Without filters, your search might return:

  • Marketing documents when you wanted technical specs.
  • Draft content mixed with approved versions.
  • Results from all departments.

Step 6: Query With Metadata Filters

Now query using metadata filters for precise results:

import vectorize_client as v

# Create pipelines API client
pipelines_api = v.PipelinesApi(apiClient)

try:
# Query with project and date-based filters
response = pipelines_api.retrieve_documents(
organization_id,
pipeline_id,
v.RetrieveDocumentsRequest(
question="What are the technical requirements for the AI search?",
num_results=5,
metadata_filters=[
{
"metadata.project": ["apollo", "mercury"] # Project tags
},
{
"metadata.year": ["2024", "2025"] # Target years
},
{
"metadata.status": ["approved", "published"] # Only finalized docs
}
]
)
)

# Display filtered results
print(f"Query: 'What are the technical requirements for the AI search?'")
print(f"Filters: project IN (apollo, mercury) AND year IN (2024, 2025) AND status IN (approved, published)")
print(f"Results (recent approved docs from specific projects):\n")

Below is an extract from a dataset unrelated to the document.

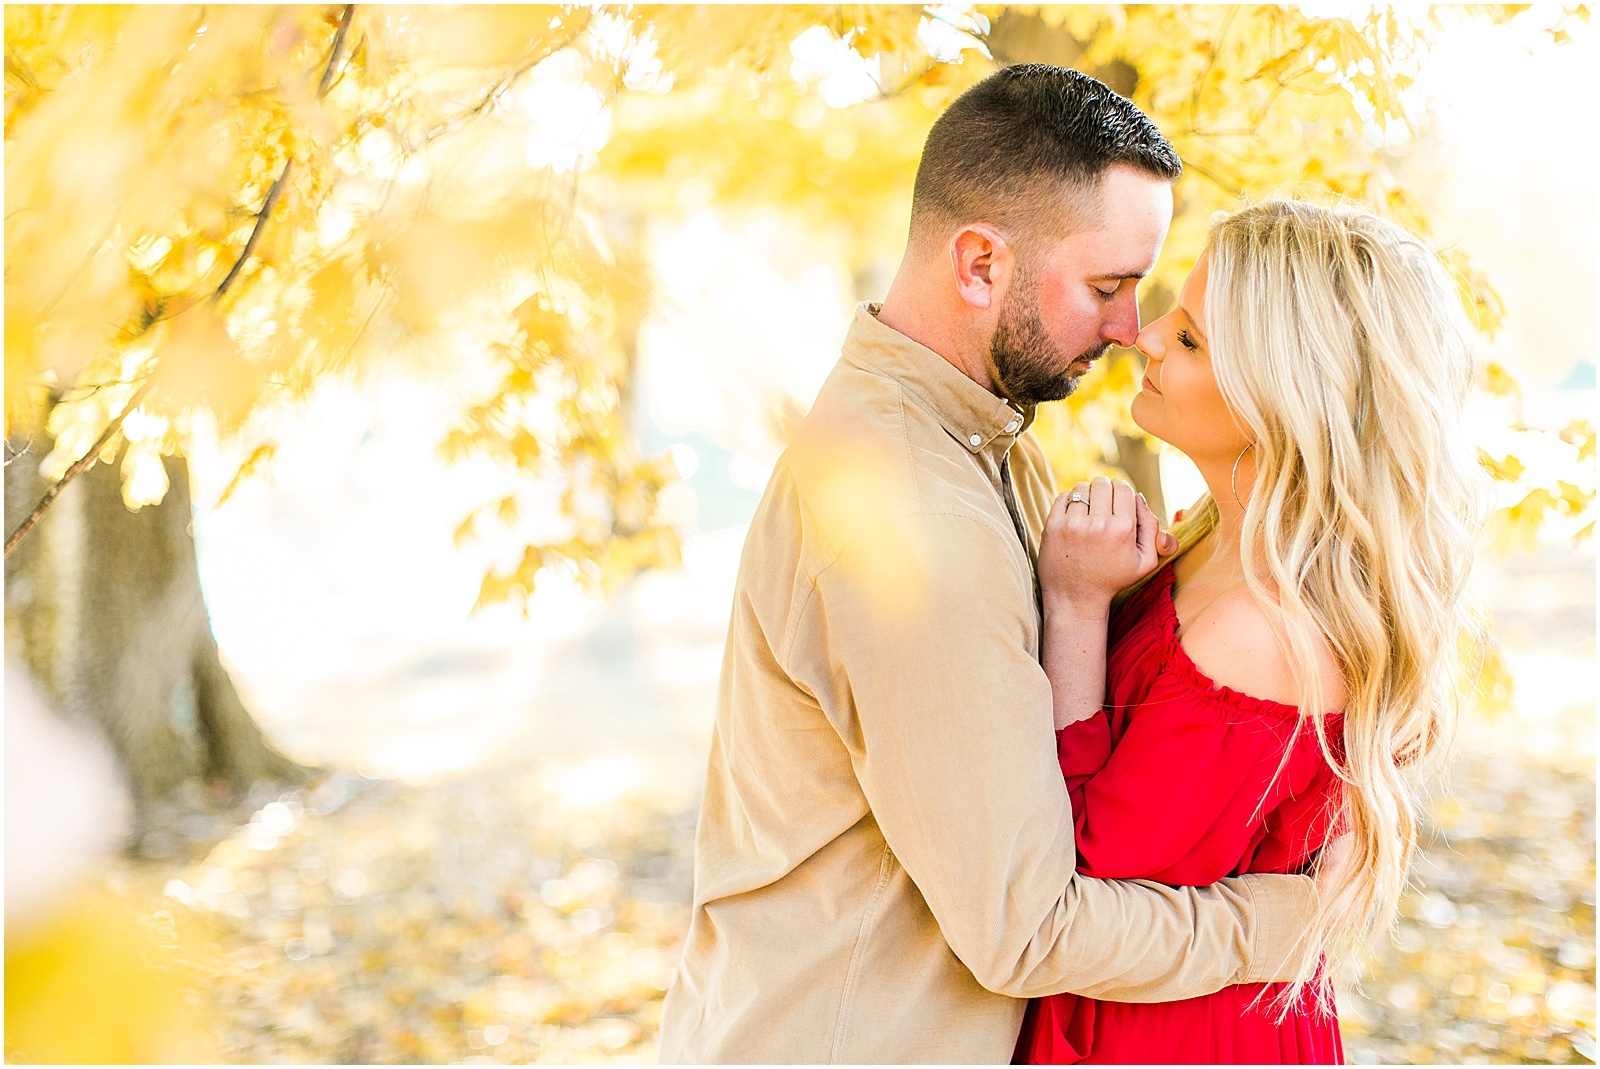 A Southern Indiana Engagement Session | Charleston and Erin | Bret and Brandie Photography029.jpg

for i, doc in enumerate(response.documents, 1):
print(f"Result {i}:")
print(f" Content: {doc.text[:150]}...")
print(f" Relevance Score: {doc.relevancy}")
print(f" Document ID: {doc.id}")
# Show metadata to confirm filtering worked
if hasattr(doc, 'metadata') and doc.metadata:
print(f" Project: {doc.metadata.get('project', 'N/A')}")
print(f" Year: {doc.metadata.get('year', 'N/A')}")
print(f" Status: {doc.metadata.get('status', 'N/A')}")
print(f" Document Type: {doc.metadata.get('document_type', 'N/A')}")
print()

except Exception as e:
print(f"❌ Error querying pipeline: {e}")
raise

Metadata Filter Syntax

  • Use the metadata. prefix for user-defined fields.
  • Provide values as arrays (even for single values).
  • Multiple values for the same key use OR logic.
  • Different keys use AND logic.

Example filter structure:

[
{ "metadata.project": ["apollo", "mercury"] },
{ "metadata.status": ["approved"] }
]

This filter returns documents from either apollo OR mercury projects that are also approved.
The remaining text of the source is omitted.